[Stored data entries]
^^^^^^^^^^^^^^^^

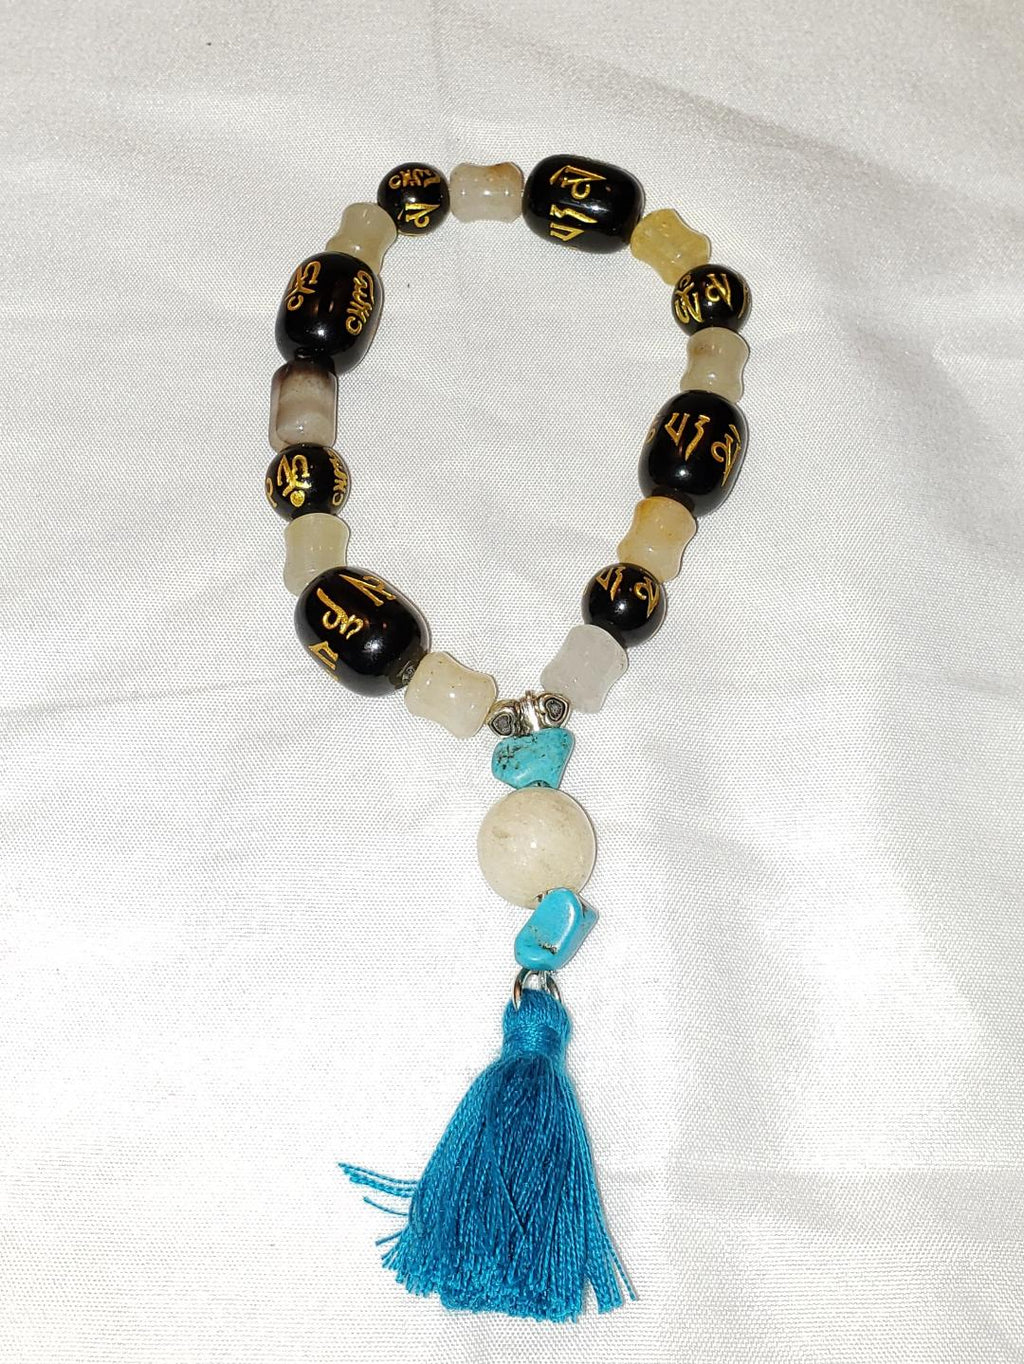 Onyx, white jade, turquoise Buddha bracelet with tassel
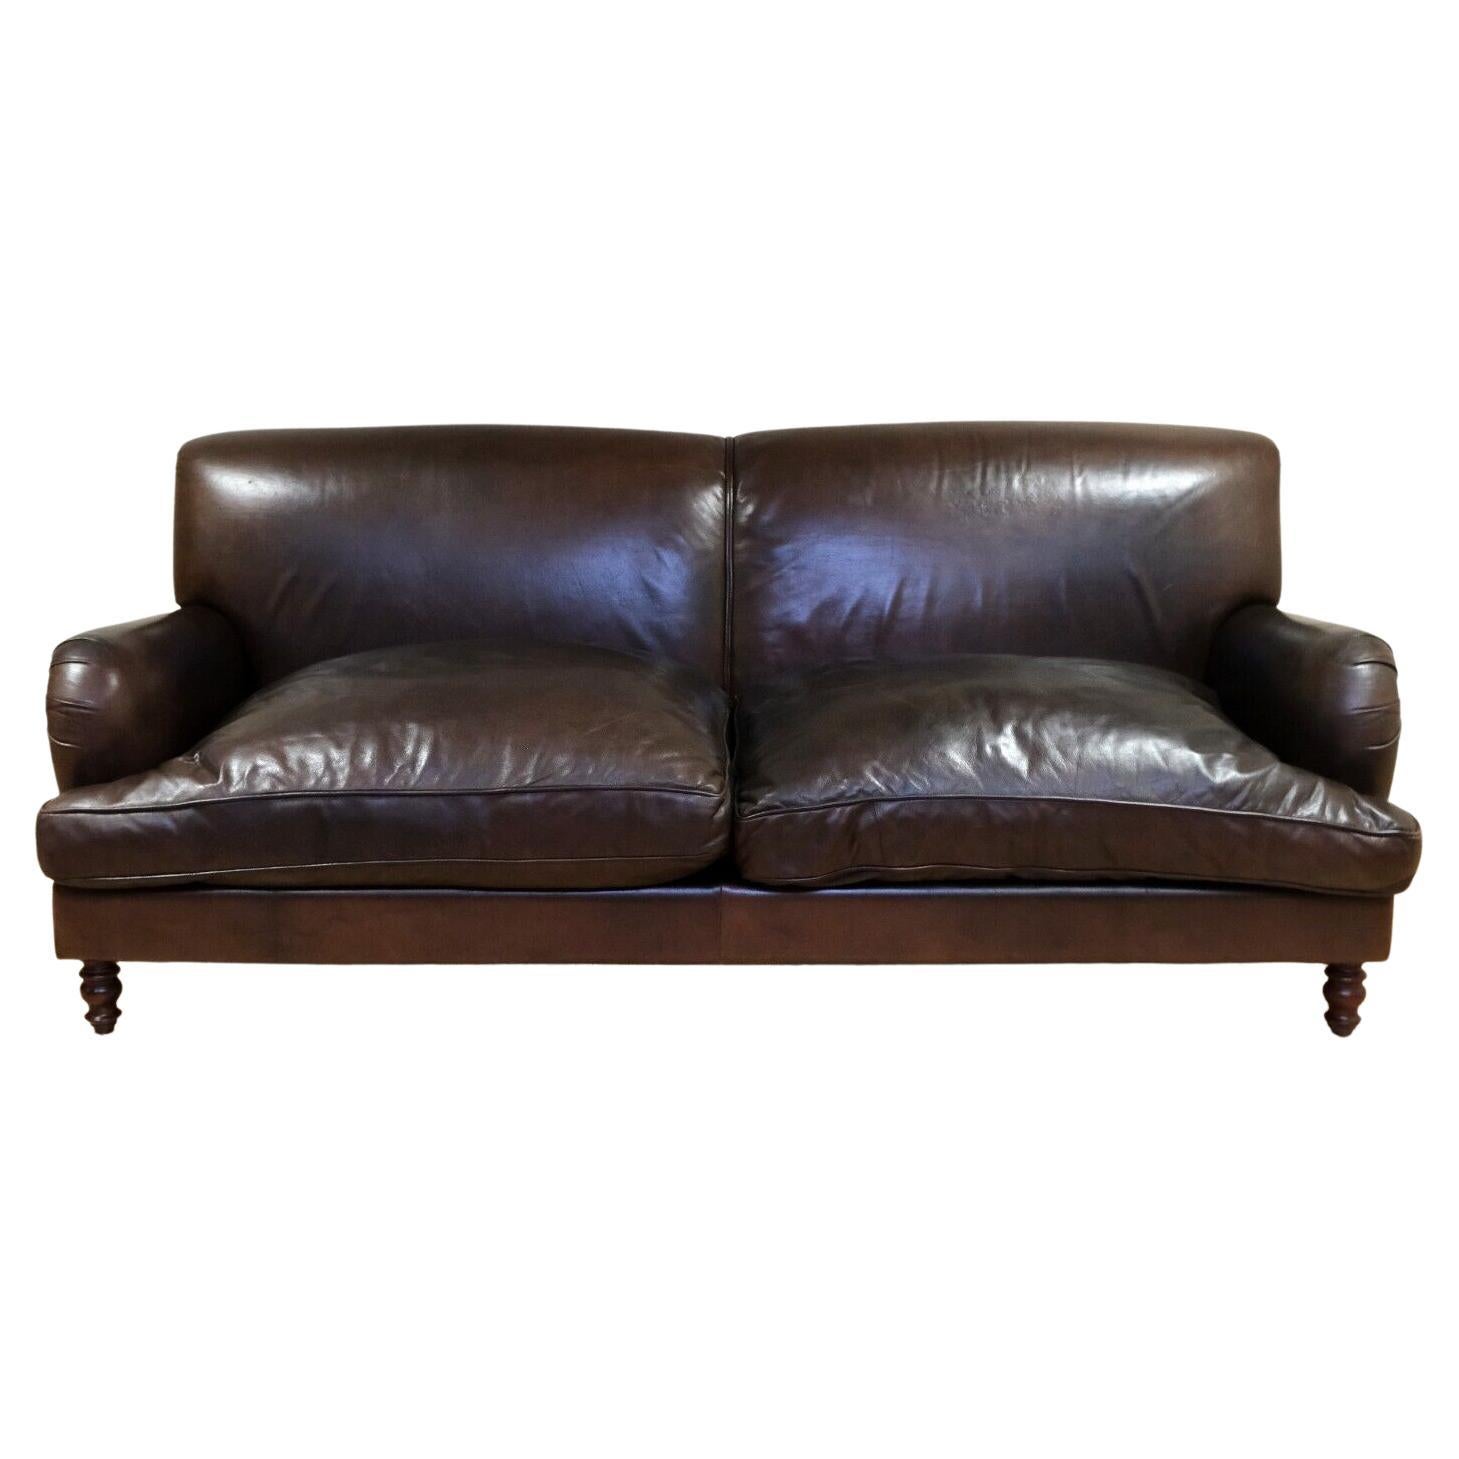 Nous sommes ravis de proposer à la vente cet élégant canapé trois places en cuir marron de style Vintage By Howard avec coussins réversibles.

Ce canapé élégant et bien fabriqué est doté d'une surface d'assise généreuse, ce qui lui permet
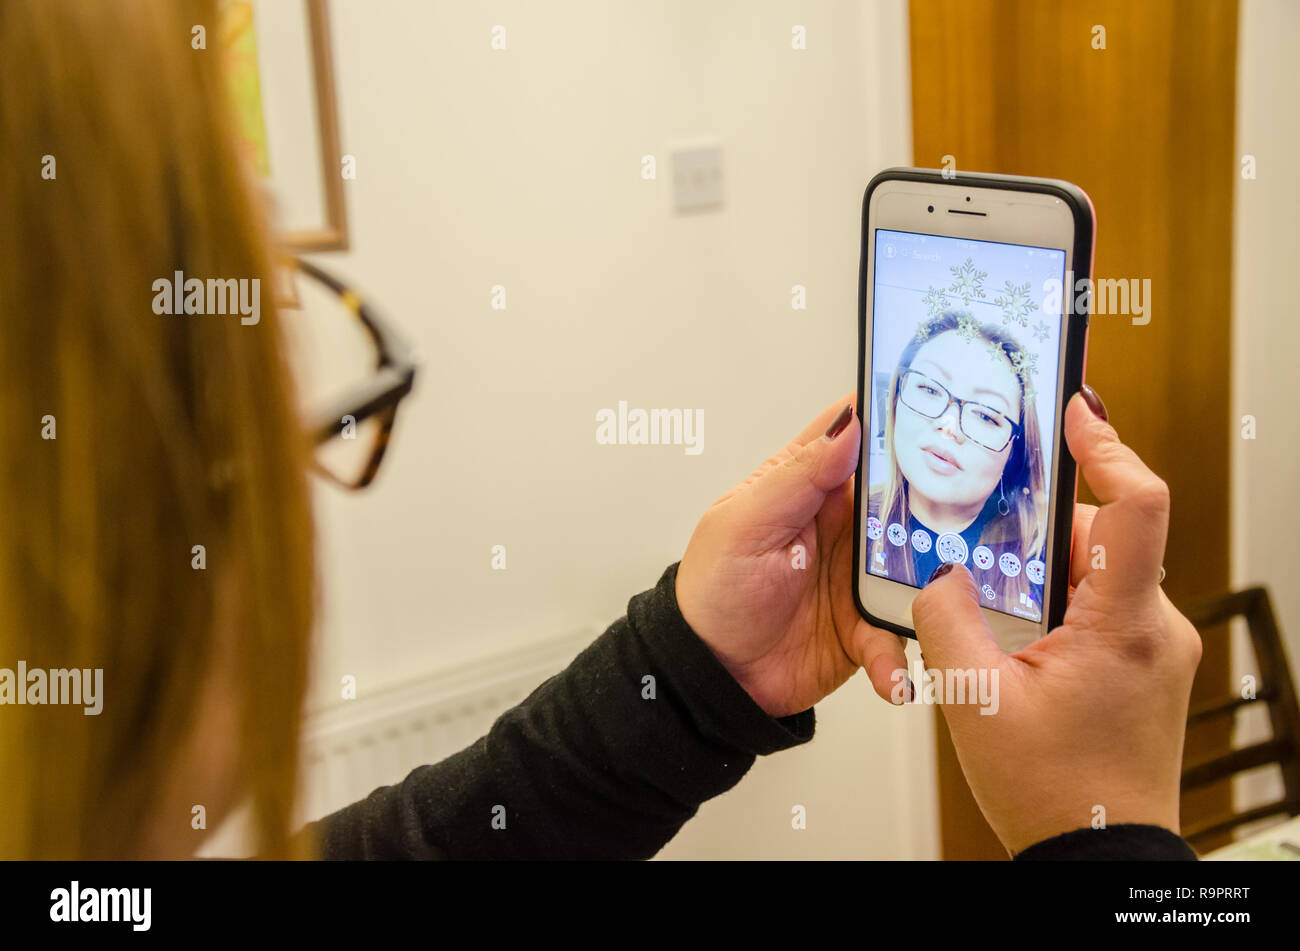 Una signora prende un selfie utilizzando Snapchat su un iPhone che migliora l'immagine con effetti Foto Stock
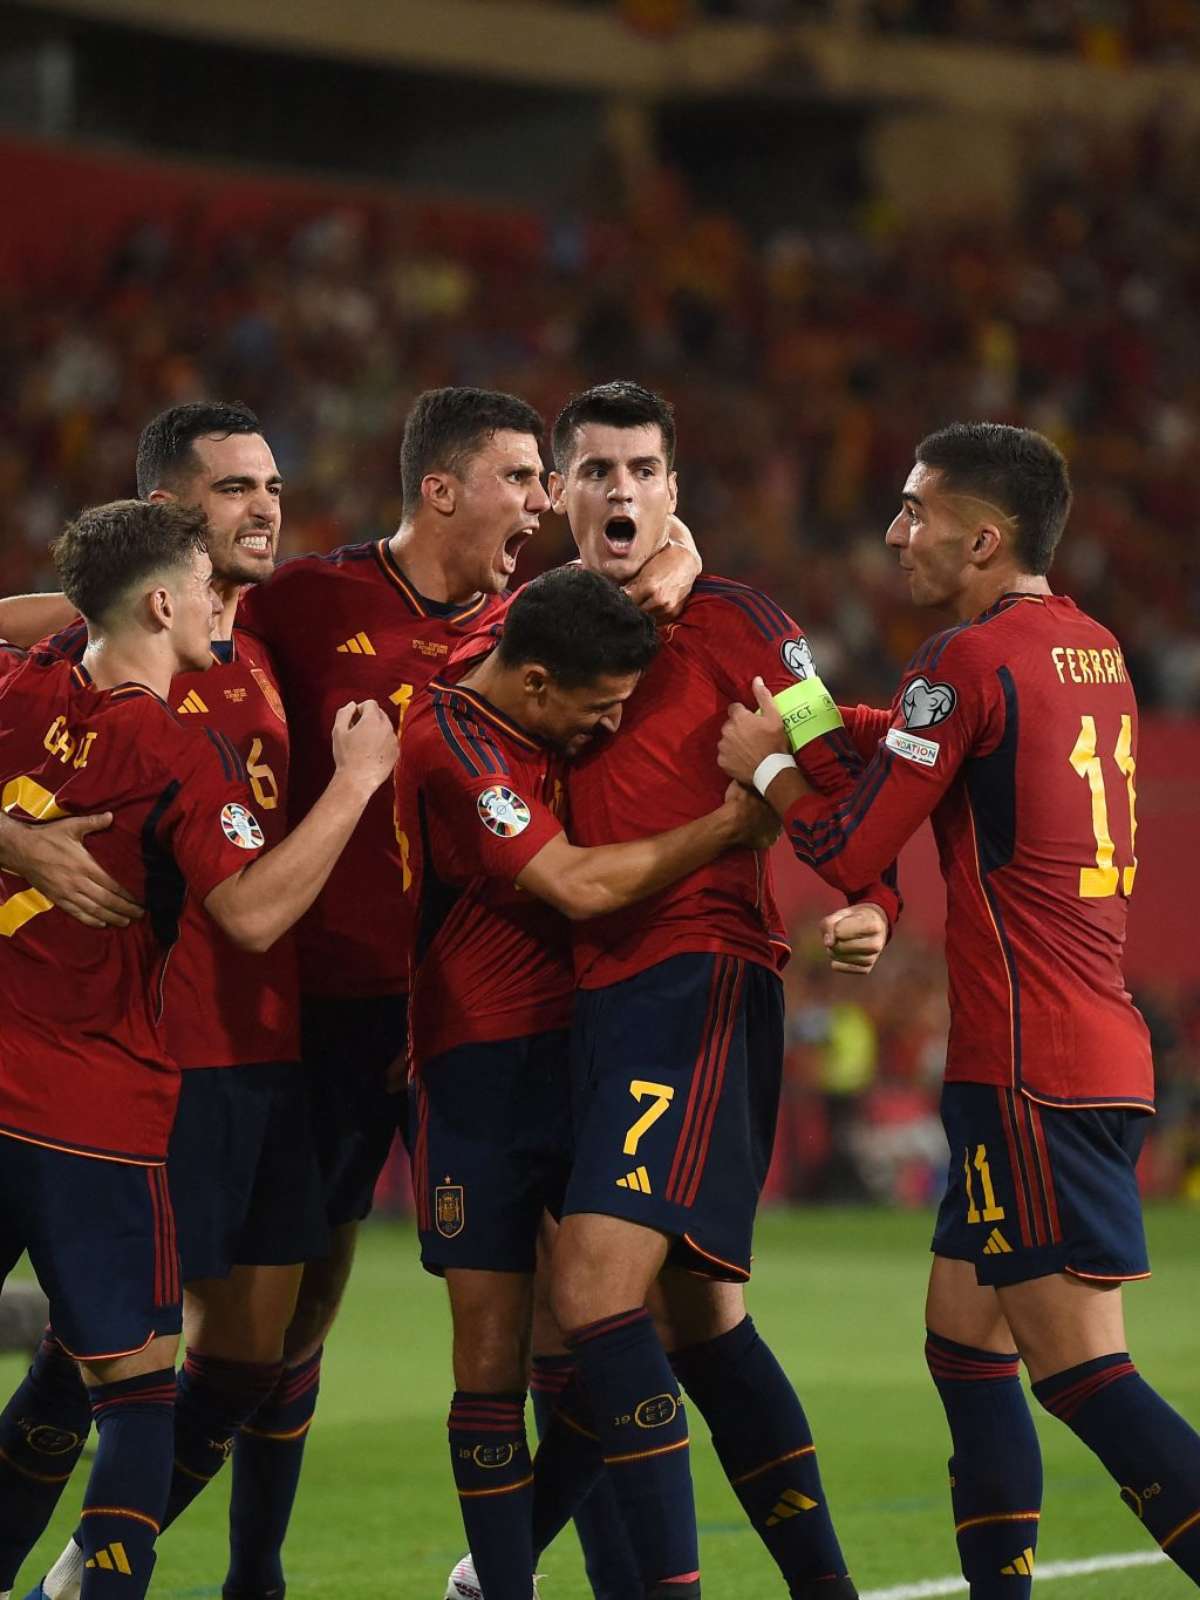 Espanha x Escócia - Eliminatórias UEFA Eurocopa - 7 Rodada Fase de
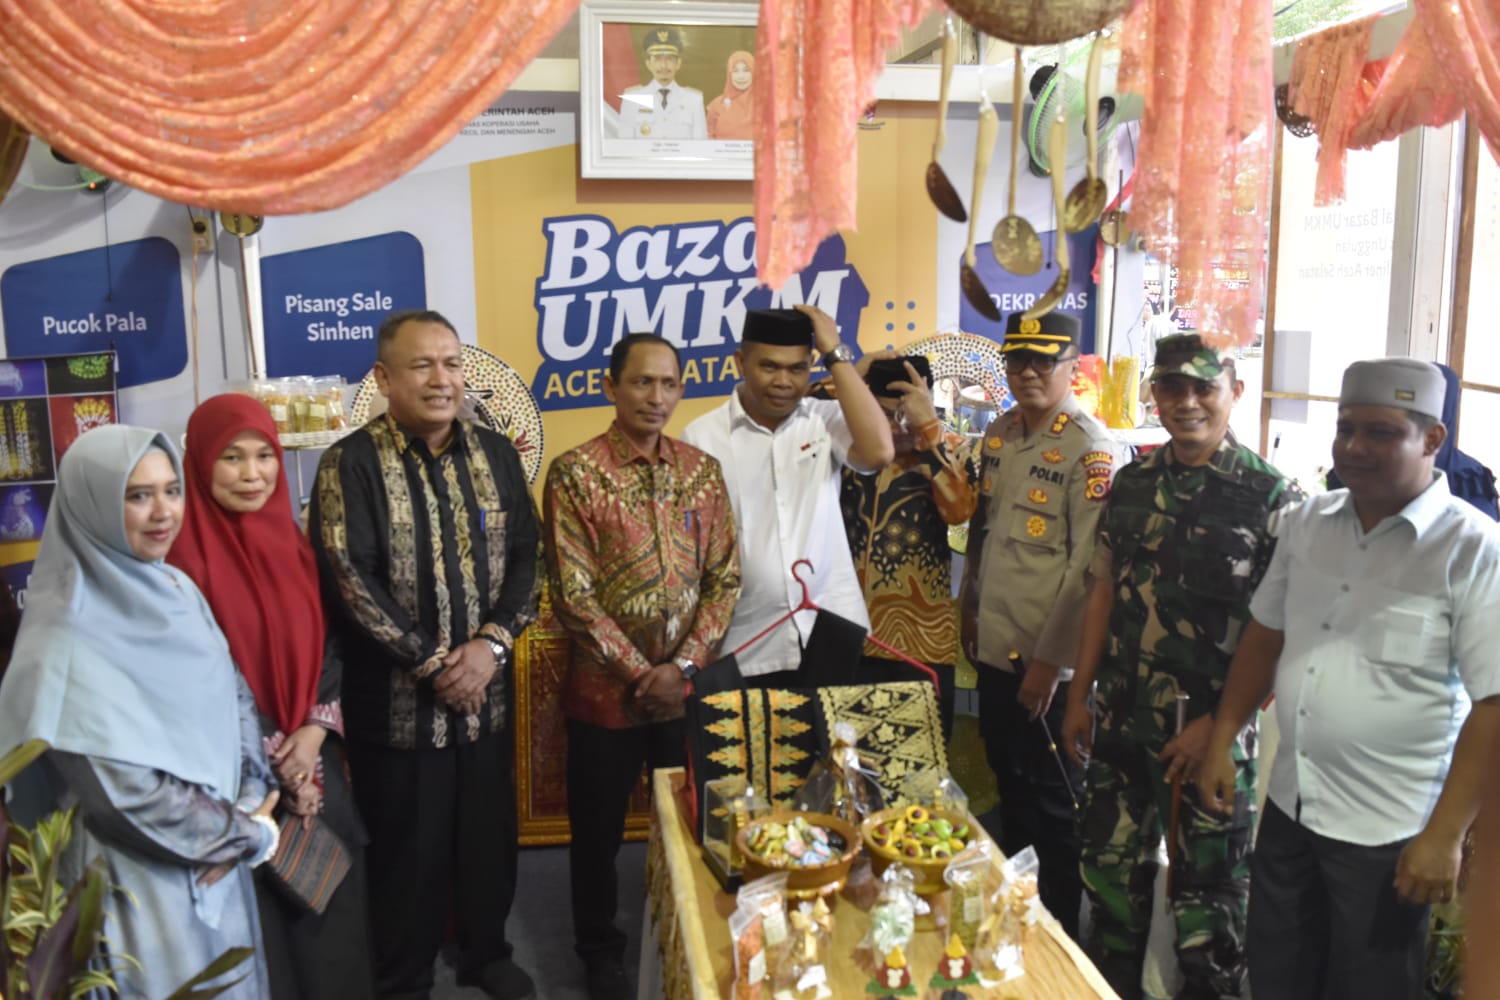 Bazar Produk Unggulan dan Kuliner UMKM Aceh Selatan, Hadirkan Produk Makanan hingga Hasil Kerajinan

^^^^^^^^^^^^^^^^

**What the task requires:** Reproduce only the lines from the line with "Nous sommes ravis" to the end of the entries. Keep both ends, copy them exactly, and omit every picture.

**Result of the task:**
 Nous sommes ravis de proposer à la vente cet élégant canapé trois places en cuir marron de style Vintage By Howard avec coussins réversibles.

Ce canapé élégant et bien fabriqué est doté d'une surface d'assise généreuse, ce qui lui permet
 Una signora prende un selfie utilizzando Snapchat su un iPhone che migliora l'immagine con effetti Foto Stock
 Espanha x Escócia - Eliminatórias UEFA Eurocopa - 7 Rodada Fase de
 Bazar Produk Unggulan dan Kuliner UMKM Aceh Selatan, Hadirkan Produk Makanan hingga Hasil Kerajinan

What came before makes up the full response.